For this purpose, it is necessary to lower the temperature of the hot water level in the crucible by removing the product.
It is also necessary to increase the required amount in response to changes in the area of the hot water level in the crucible (PL, P2O1, in Figure 2). This necessary increase is calculated for each shot and the pressure control valve 1 is
4 is program controlled.

Further, since the residual pressure increases sequentially due to the increase in the pressure of q, the set value of the residual pressure control valve 18, which maintains the reduced pressure, is programmed to increase the pressure sequentially in accordance with the above-mentioned pressure increase. Accurate control of this residual pressure has made it possible to improve the yield rate of small cast products from 80% to 97%, but the pressure change of this residual pressure itself is about 3/1000 K gj/c rn". However, it is extremely difficult to control the pressure using ordinary pressure change measuring means because of the high temperature inside the furnace.

Note that the method of the present invention does not necessarily require the use of the above-mentioned device; for example, it is composed of a pressure control valve 14 and a pressure reduction valve 34, and after one shot is completed, the set pressure of the pressure control valve 14 is reduced and the pressure reduction valve 34 is opened. It is also possible to perform program control such that the pressure inside the furnace is reduced, and then the pressure reduction valve 34 is closed and the pressure control valve 14 is increased in pressure.

In short, any device may be used as long as it can control the pressurization and depressurization curve shown in FIG.

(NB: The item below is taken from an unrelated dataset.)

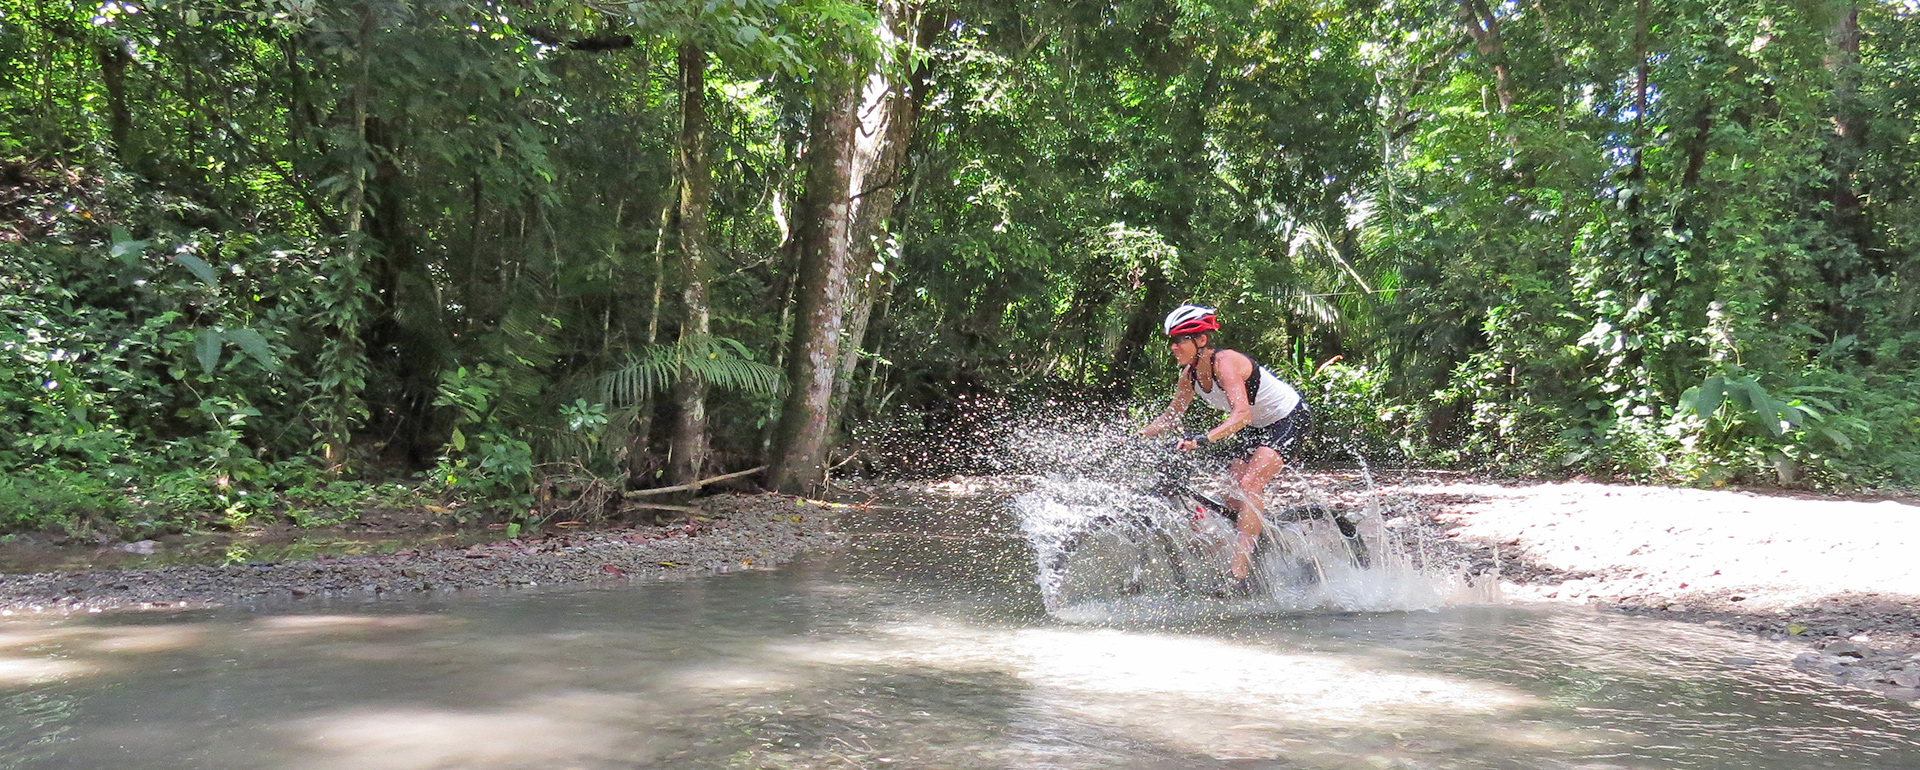 Costa Rica Bike Adventure in den Nationalparks
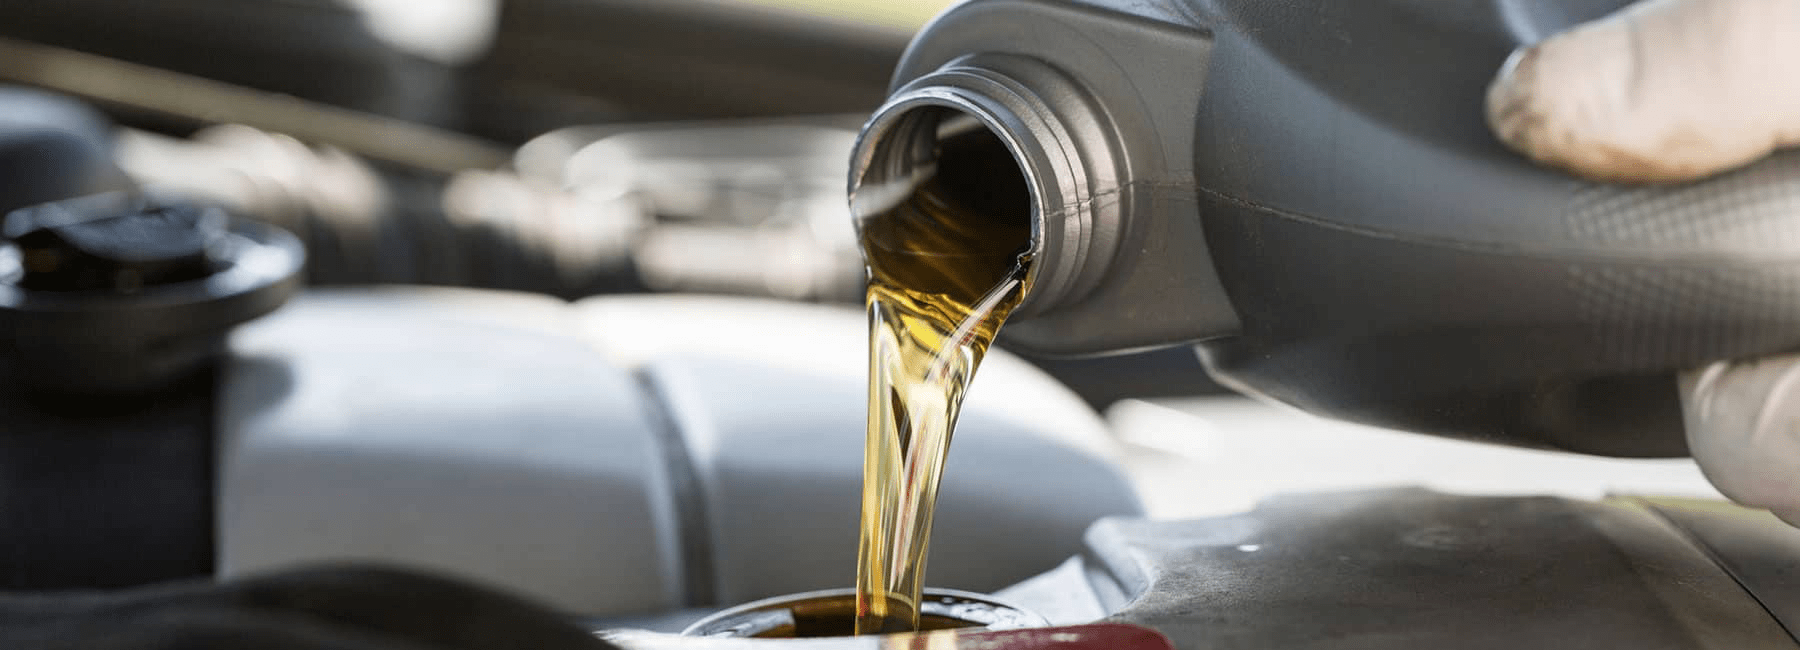 service technician pours oil in car engine

As shown in Figure 1-L, according to the method of the present invention, the residual pressure in the furnace after the completion of one shot is slightly reduced, and the level of the molten metal rising during the stoke is controlled to be slightly lowered from the stoke pouring port. Therefore, the amount of air flowing into the stoke is small, which prevents the oxidation of the molten metal, and prevents the melt from returning to the crucible as in the case of conventional methods, allowing it to settle in the temperature range. This method has the remarkable effect of producing high-quality products that are not contaminated with impurities and are cast with a high yield.

Although the present invention has been variously explained above with reference to preferred embodiments, the present invention is not limited to these embodiments, and it goes without saying that many modifications can be made without departing from the spirit of the invention. It is.

[Brief explanation of the drawing]

FIG. 1 is a block diagram showing an example of an apparatus used in the method of the present invention, and FIG. 2 is an explanatory diagram showing an example of changes in furnace pressure. 10. Pressure piping 12. ,,low pressure casting furnace. 141. , pressurization control valves, 16a, 16b. 8. Electromagnetic on-off valve, 18. ,,Residual pressure control valve, 2”O,,Differential pressure controller, 22゜1.Diaphragm, 24.,Pressurization chamber, 2608
．． Residual pressure chamber, 28. ,, sliding guide tube, 30...
0 tsudo, 32. ,,coil spring. 34, pressure reducing valve. Patent applicant Nissin Kogyo Co., Ltd. Representative Sadao Miyashita

Claims (1)

[Claims] 1. In the low-pressure casting method, compressed air is blown onto the surface of the molten metal in a crucible housed in a sealed furnace, and this pressure is used to pour the metal into the mold through a stalk connected to the mold. The residual pressure of the compressed air inside is reduced to hold the molten metal surface rising during the stalk at a position lower than the stalk pouring port, and at the next shot, the pressure is increased from the reduced residual pressure position and poured. A low-pressure casting method that maintains residual pressure.